The target_modules corresponds to the names of modules that will be connected with low-rank matrices. The more modules you target, the more parameters you will have to train. modules_to_save defines which modules of the model will be trained(unfreezed) after connecting low-rank adapters.

peft_config = LoraConfig(
lora_alpha=16,
lora_dropout=0.05,
r=32,
bias="none",
task_type="SEQ_2_SEQ_LM",
target_modules= ['v', 'o'],
modules_to_save=["lm_head"],
)
  • lora_alpha It specifies the value of the alpha parameter for LoRA, controlling the strength of low-rank approximation.
  • lora_dropout This argument sets the dropout rate used in LoRA layers to prevent overfitting during training.
  • r It determines the rank of the low-rank approximation used in LoRA. A higher value of r implies a higher rank and potentially more expressive power, but also more parameters.
  • task_type Indicates the type of task the model is fine-tuned for. In this case, it's set to "SEQ_2_SEQ_LM", suggesting sequence-to-sequence language modeling.
  • target_modulesspecifies which layers/modules of the model will be adapted during fine-tuning.
  • modules_to_save defines which modules of the model will be saved after adaptation.

Add PEFT low-rank matrices adapter to the 4-bit quantized model.

model_q.add_adapter(peft_config, adapter_name="adapter_4")
model_q.set_adapter("adapter_4")

you can verify those layers (‘v’,’o’) connected with low-rank adapters using print command.

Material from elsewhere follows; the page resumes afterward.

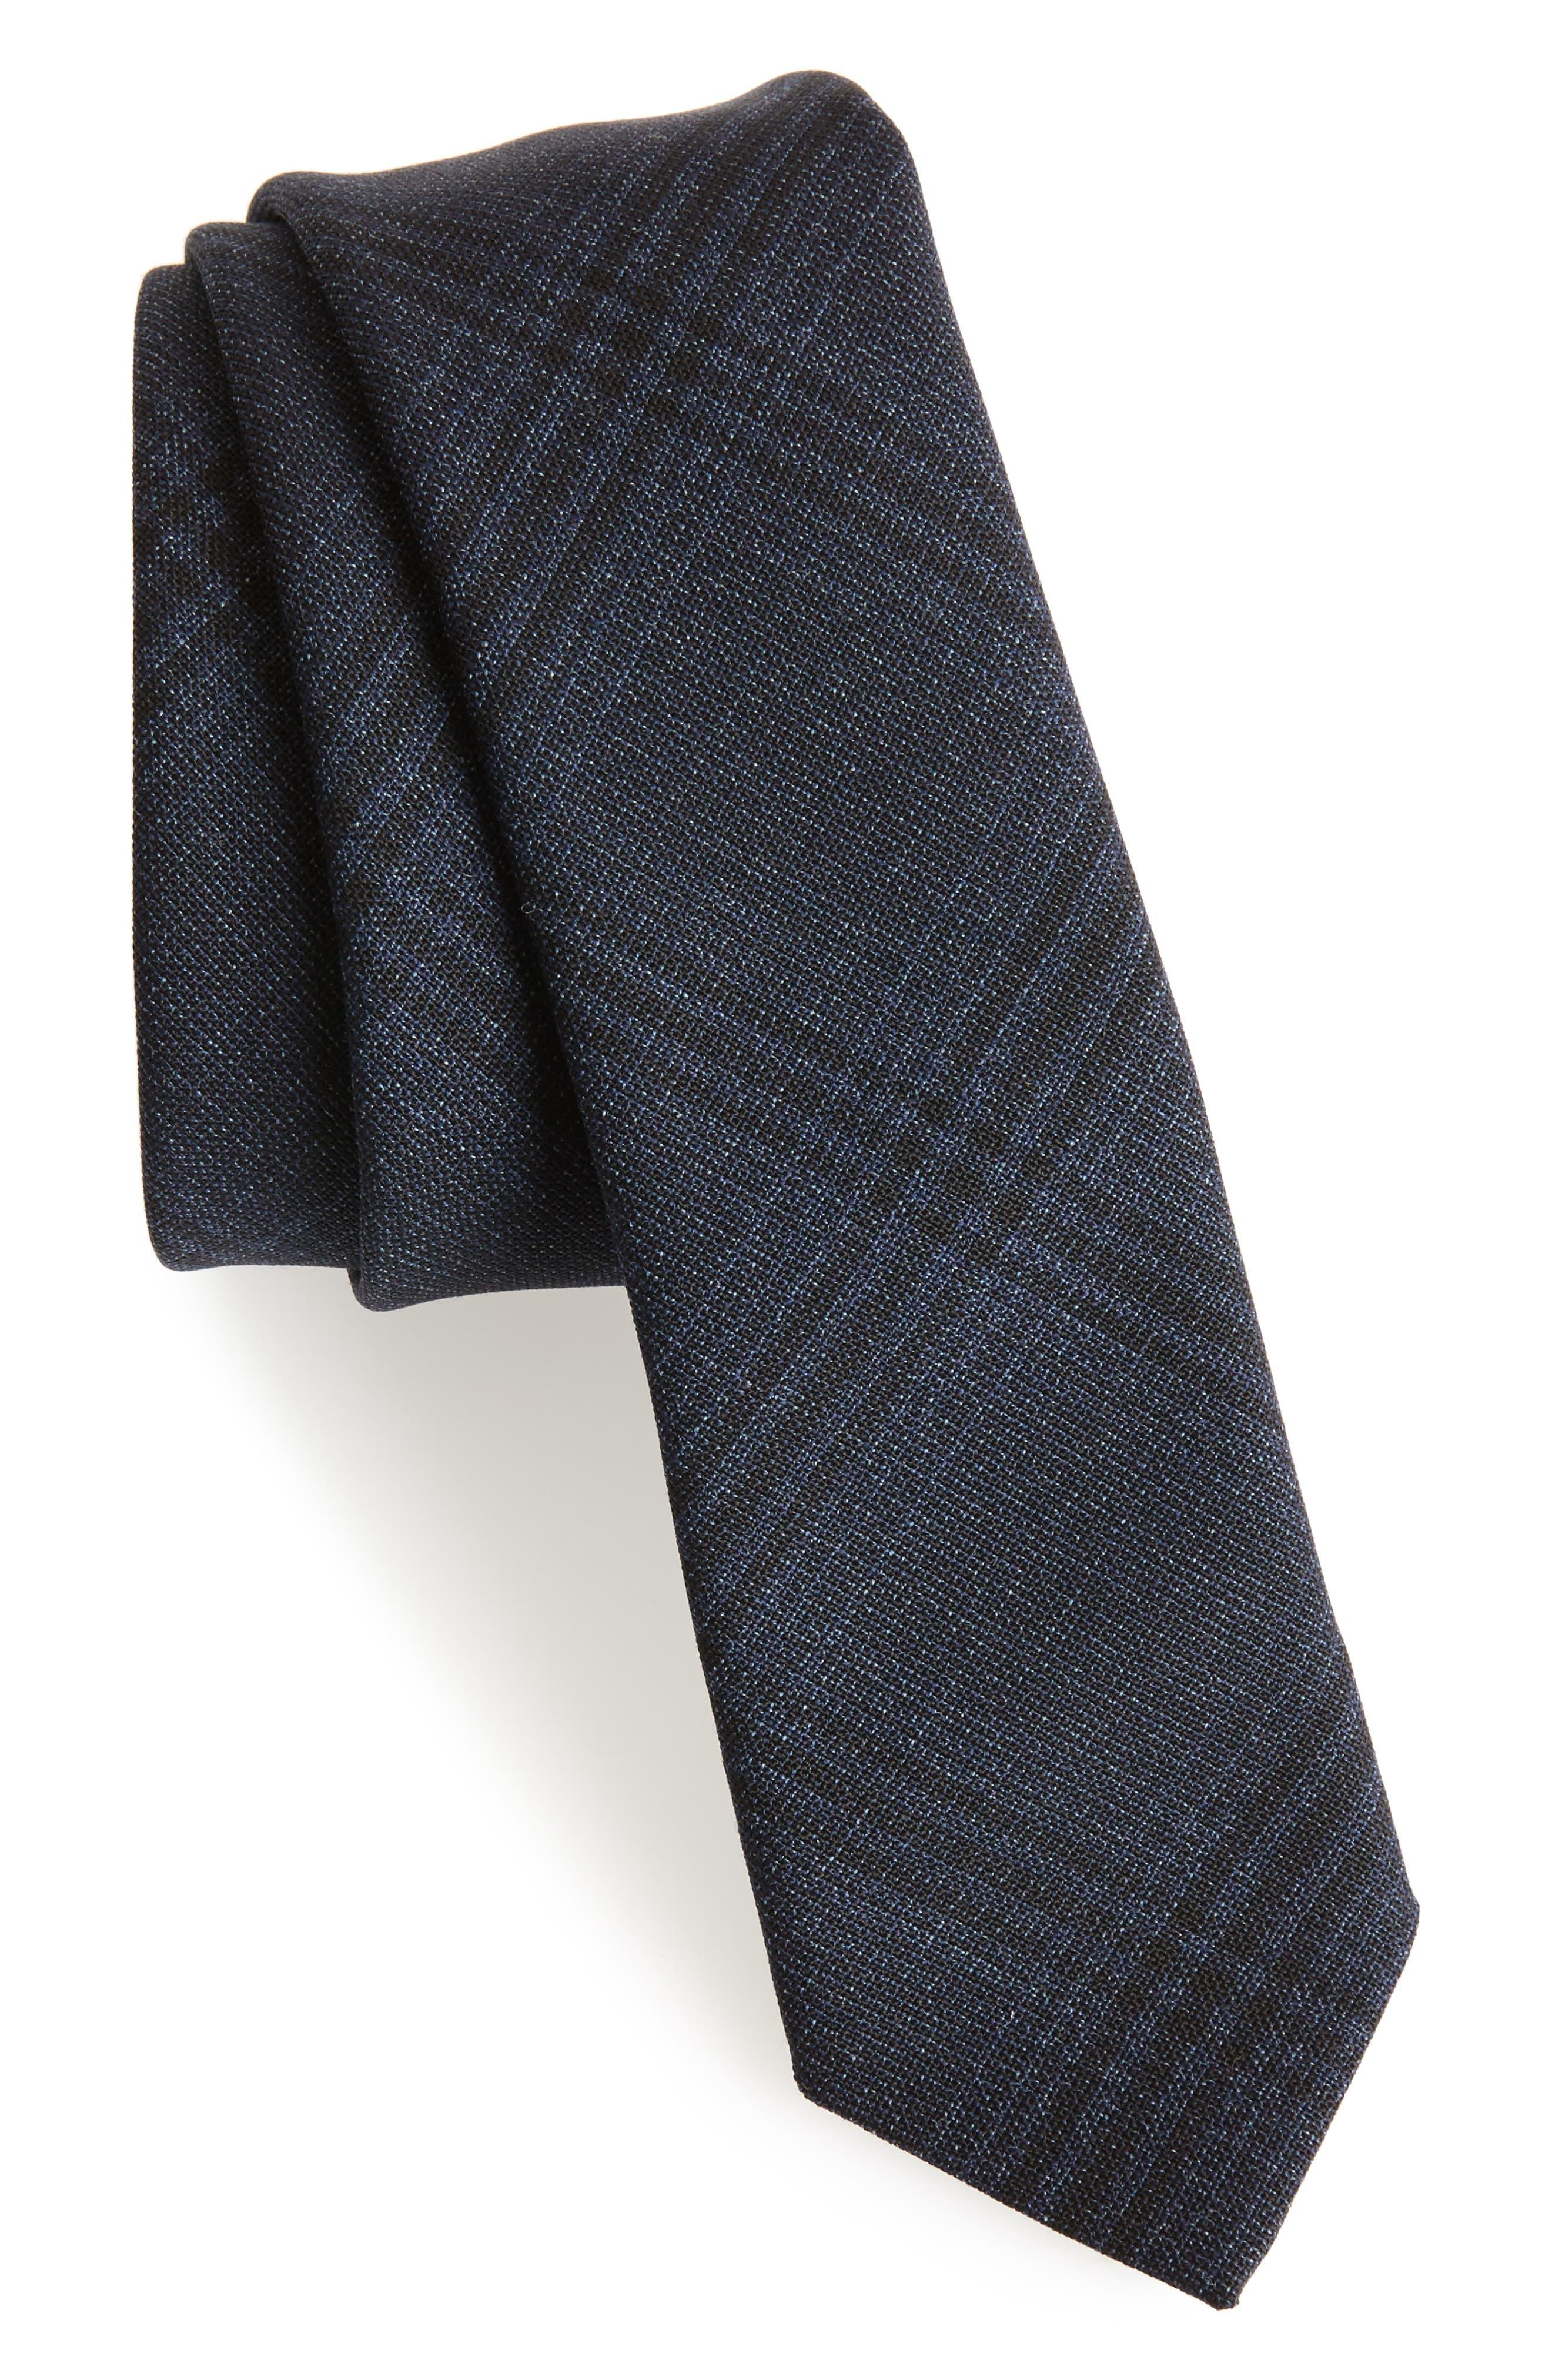 Alternate Image 1 Selected - Eleventy Plaid Wool Tie

T5ForConditionalGeneration(
(shared): Embedding(32128, 1024)
(encoder): T5Stack(
(embed_tokens): Embedding(32128, 1024)
(block): ModuleList(
(0): T5Block(
(layer): ModuleList(
(0): T5LayerSelfAttention(
(SelfAttention): T5Attention(
(q): Linear4bit(in_features=1024, out_features=4096, bias=False)
(k): Linear4bit(in_features=1024, out_features=4096, bias=False)
(v): lora.Linear4bit(
(base_layer): Linear4bit(in_features=1024, out_features=4096, bias=False)
(lora_dropout): ModuleDict(
(adapter_4): Dropout(p=0.05, inplace=False)
)
(lora_A): ModuleDict(
(adapter_4): Linear(in_features=1024, out_features=32, bias=False)
)
(lora_B): ModuleDict(
(adapter_4): Linear(in_features=32, out_features=4096, bias=False)
)
(lora_embedding_A): ParameterDict()
(lora_embedding_B): ParameterDict()
)
(o): lora.Linear4bit(
(base_layer): Linear4bit(in_features=4096, out_features=1024, bias=False)
(lora_dropout): ModuleDict(
(adapter_4): Dropout(p=0.05, inplace=False)
)
(lora_A): ModuleDict(
(adapter_4): Linear(in_features=4096, out_features=32, bias=False)
)
(lora_B): ModuleDict(
(adapter_4): Linear(in_features=32, out_features=1024, bias=False)
)
(lora_embedding_A): ParameterDict()
(lora_embedding_B): ParameterDict()
)
(relative_attention_bias): Embedding(32, 32)
)
(layer_norm): FusedRMSNorm(torch.Size([1024]), eps=1e-06, elementwise_affine=True)
(dropout): Dropout(p=0.1, inplace=False)
)
(1): T5LayerFF(
(DenseReluDense): T5DenseActDense(
(wi): Linear4bit(in_features=1024, out_features=16384, bias=False)
(wo): Linear(in_features=16384, out_features=1024, bias=False)
(dropout): Dropout(p=0.1, inplace=False)
(act): ReLU()
)
(layer_norm): FusedRMSNorm(torch.Size([1024]), eps=1e-06, elementwise_affine=True)
(dropout): Dropout(p=0.1, inplace=False)
)
)
)
...

you can check the number of trainable parameters and the trainable proportion as compared to the total number of parameters.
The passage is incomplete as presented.